▸ **EXERCISE BRIEF**:
Copy nothing from the entries below except the lines from the one containing "Vibrant Life Marbled Meaty Bites, 16 oz" through the one containing "MacArthur_Elementary_School_01.jpg", and copy those exactly.
┌────────
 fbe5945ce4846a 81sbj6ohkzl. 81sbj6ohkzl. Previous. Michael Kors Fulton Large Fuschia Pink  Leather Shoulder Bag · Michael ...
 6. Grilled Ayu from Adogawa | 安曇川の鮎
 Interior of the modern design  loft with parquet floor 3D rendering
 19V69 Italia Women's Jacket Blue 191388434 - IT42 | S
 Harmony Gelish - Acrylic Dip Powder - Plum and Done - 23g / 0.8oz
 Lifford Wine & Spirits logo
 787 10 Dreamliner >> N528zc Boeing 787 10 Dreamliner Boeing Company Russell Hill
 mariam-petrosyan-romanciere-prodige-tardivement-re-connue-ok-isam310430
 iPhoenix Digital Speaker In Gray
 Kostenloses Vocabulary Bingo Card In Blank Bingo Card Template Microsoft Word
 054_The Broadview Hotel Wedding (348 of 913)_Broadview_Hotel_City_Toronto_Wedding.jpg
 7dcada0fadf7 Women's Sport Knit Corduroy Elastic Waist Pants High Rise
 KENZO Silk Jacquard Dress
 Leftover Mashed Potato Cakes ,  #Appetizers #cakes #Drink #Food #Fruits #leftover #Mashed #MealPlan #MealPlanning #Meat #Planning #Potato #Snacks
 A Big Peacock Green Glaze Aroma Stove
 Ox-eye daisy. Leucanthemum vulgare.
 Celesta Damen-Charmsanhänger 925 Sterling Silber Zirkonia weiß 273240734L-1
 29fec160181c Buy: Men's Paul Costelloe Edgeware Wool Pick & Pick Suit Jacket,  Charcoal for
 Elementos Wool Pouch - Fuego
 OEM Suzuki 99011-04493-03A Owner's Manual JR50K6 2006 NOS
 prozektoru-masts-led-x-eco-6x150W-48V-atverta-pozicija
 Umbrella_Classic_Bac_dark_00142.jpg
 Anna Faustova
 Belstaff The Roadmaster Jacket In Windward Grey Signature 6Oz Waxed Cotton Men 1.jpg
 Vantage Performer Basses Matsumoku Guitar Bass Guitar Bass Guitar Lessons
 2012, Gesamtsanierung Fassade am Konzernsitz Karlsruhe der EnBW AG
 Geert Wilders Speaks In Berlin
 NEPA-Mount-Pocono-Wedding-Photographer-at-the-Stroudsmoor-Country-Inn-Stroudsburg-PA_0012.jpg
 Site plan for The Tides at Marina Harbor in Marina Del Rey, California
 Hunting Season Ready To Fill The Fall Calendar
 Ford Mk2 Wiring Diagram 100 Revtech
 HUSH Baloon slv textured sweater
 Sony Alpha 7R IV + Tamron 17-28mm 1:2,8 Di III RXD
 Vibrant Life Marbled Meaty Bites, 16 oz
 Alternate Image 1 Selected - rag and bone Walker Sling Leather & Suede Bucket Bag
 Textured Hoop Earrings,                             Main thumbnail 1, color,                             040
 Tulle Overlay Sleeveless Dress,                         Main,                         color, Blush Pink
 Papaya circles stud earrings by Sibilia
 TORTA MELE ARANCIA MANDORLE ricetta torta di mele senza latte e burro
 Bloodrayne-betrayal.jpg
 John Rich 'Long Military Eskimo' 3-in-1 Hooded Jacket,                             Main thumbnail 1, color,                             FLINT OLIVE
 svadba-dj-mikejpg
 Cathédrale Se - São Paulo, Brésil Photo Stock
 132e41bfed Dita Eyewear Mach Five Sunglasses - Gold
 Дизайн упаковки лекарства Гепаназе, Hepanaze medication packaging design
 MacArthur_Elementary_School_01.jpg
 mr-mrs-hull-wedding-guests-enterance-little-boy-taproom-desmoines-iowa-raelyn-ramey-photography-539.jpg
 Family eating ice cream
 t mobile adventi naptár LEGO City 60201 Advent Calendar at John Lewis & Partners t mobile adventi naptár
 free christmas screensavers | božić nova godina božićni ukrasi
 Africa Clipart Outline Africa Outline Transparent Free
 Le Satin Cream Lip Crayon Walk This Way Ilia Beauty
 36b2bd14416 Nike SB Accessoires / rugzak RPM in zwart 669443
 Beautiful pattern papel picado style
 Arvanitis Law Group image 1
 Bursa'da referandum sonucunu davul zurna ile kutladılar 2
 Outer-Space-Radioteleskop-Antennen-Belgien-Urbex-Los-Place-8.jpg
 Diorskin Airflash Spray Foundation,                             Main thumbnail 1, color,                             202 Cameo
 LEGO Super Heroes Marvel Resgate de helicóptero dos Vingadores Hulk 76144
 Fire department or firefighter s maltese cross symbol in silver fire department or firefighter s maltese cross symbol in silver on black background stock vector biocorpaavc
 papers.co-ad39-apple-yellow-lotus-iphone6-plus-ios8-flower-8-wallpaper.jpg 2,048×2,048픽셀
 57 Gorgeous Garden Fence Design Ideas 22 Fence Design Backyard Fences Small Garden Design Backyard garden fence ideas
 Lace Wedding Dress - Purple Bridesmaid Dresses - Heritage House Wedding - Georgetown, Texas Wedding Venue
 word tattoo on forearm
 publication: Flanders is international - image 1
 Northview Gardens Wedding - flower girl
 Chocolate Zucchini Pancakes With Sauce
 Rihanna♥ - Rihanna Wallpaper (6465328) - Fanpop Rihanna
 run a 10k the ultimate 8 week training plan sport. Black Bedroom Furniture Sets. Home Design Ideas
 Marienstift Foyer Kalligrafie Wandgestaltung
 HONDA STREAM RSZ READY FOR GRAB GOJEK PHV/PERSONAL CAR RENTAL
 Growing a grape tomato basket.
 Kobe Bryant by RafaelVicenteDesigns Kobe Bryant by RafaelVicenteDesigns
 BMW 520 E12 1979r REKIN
└────────
▸ **YOUR RESPONSE**:
 Vibrant Life Marbled Meaty Bites, 16 oz
 Alternate Image 1 Selected - rag and bone Walker Sling Leather & Suede Bucket Bag
 Textured Hoop Earrings,                             Main thumbnail 1, color,                             040
 Tulle Overlay Sleeveless Dress,                         Main,                         color, Blush Pink
 Papaya circles stud earrings by Sibilia
 TORTA MELE ARANCIA MANDORLE ricetta torta di mele senza latte e burro
 Bloodrayne-betrayal.jpg
 John Rich 'Long Military Eskimo' 3-in-1 Hooded Jacket,                             Main thumbnail 1, color,                             FLINT OLIVE
 svadba-dj-mikejpg
 Cathédrale Se - São Paulo, Brésil Photo Stock
 132e41bfed Dita Eyewear Mach Five Sunglasses - Gold
 Дизайн упаковки лекарства Гепаназе, Hepanaze medication packaging design
 MacArthur_Elementary_School_01.jpg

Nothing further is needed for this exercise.